*Prompt:* Among the entries that follow, find every line with the word "Antiques" and list it.

*Records for this exercise:*
◆ ◆ ◆ ◆ ◆ ◆ ◆

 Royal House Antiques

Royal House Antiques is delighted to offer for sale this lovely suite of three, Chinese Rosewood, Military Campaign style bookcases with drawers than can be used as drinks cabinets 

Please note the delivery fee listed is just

◆ ◆ ◆ ◆ ◆ ◆ ◆

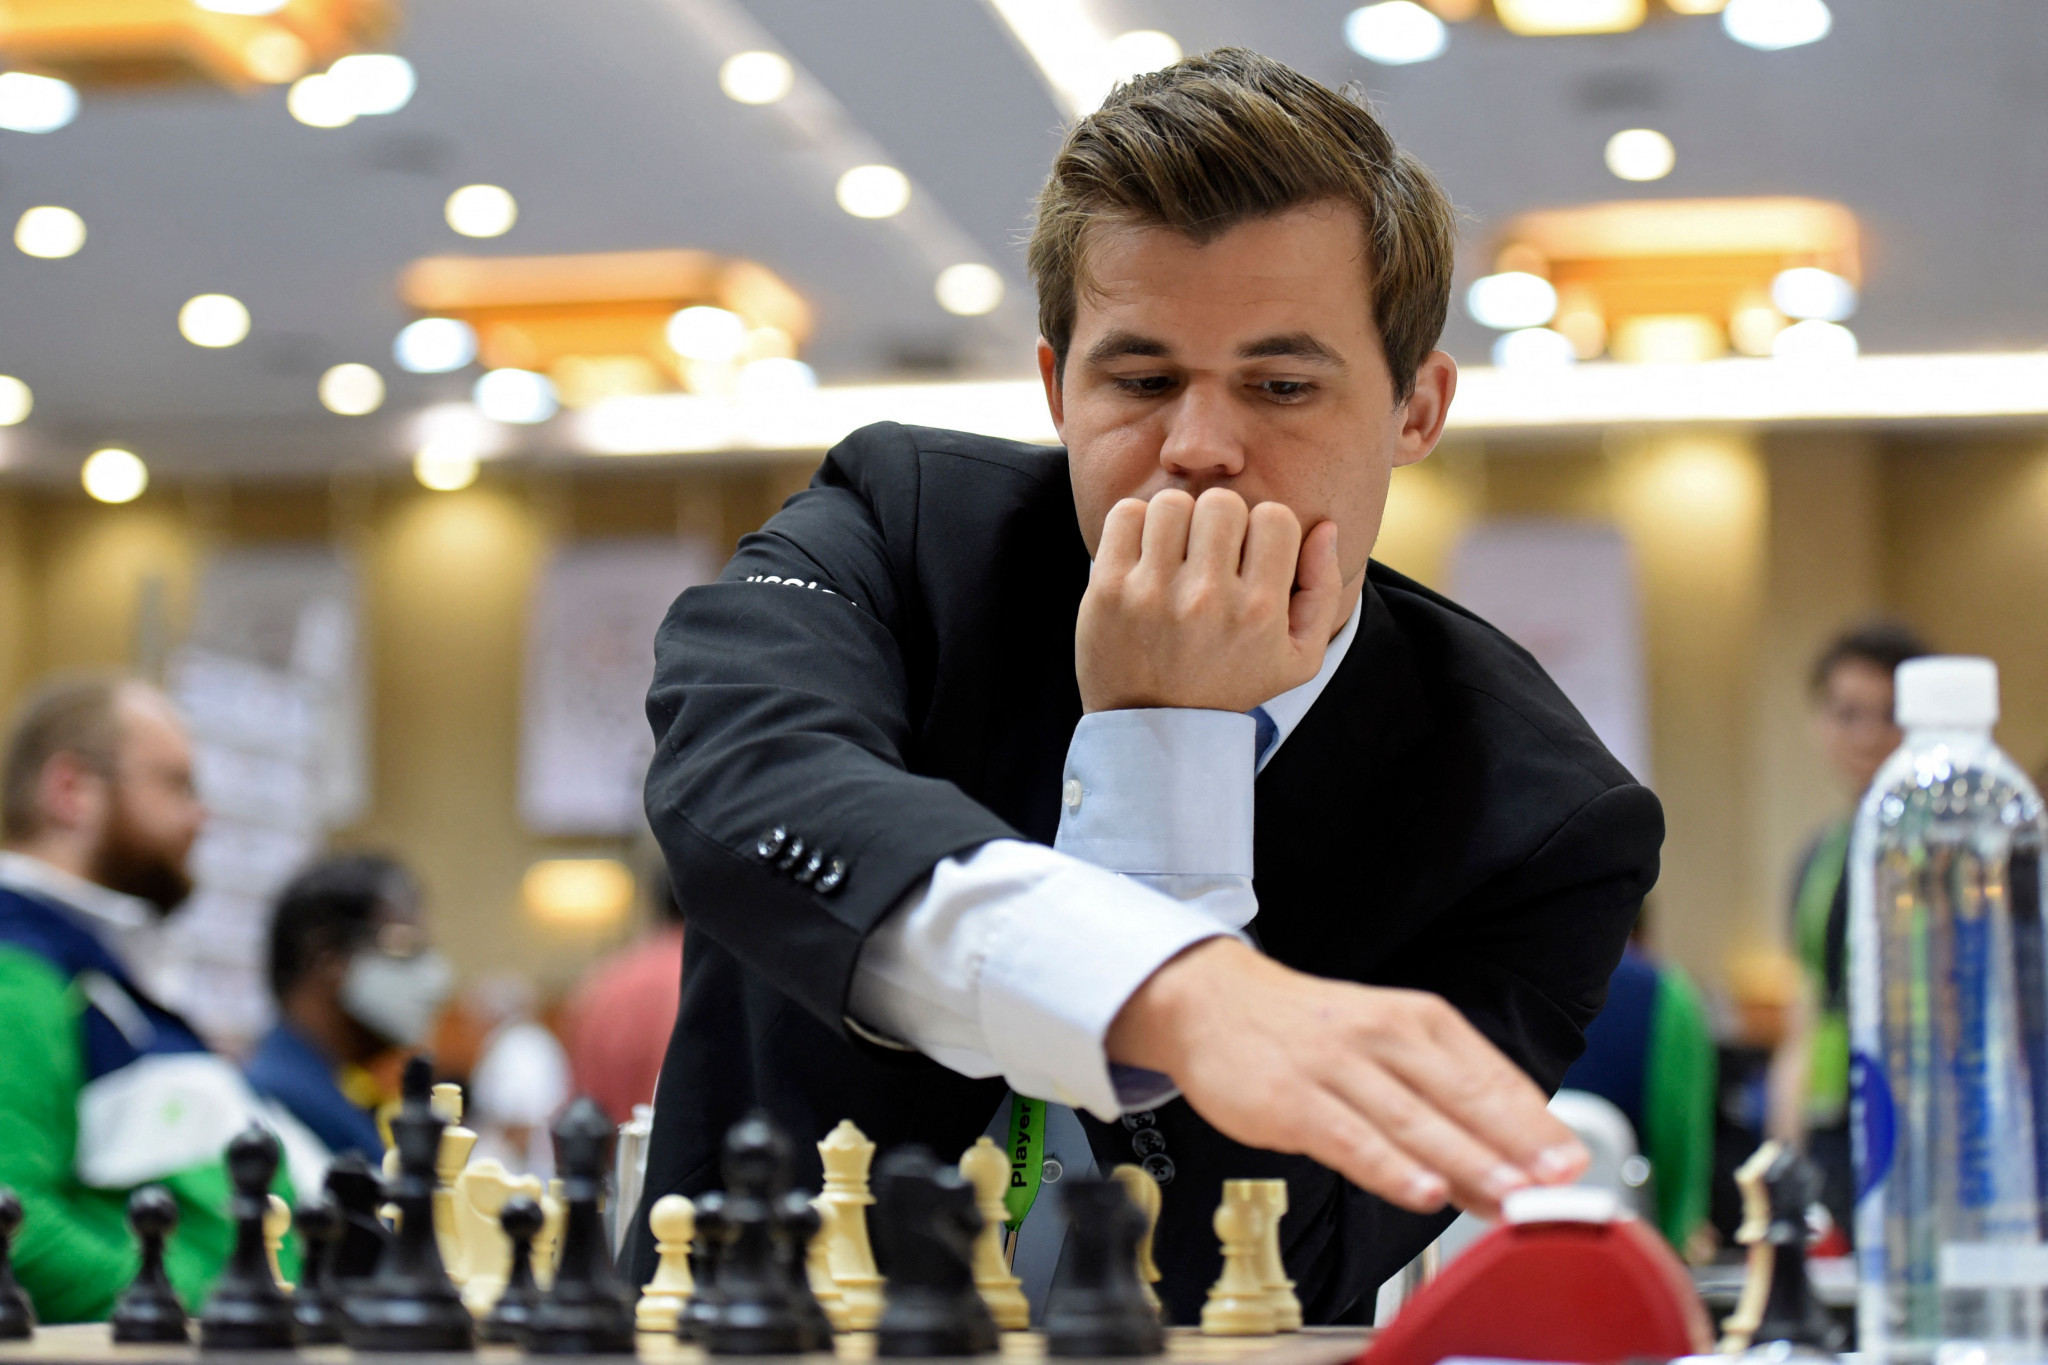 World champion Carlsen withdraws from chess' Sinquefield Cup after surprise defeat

◆ ◆ ◆ ◆ ◆ ◆ ◆

*Answer for the task:*
 Royal House Antiques
Royal House Antiques is delighted to offer for sale this lovely suite of three, Chinese Rosewood, Military Campaign style bookcases with drawers than can be used as drinks cabinets 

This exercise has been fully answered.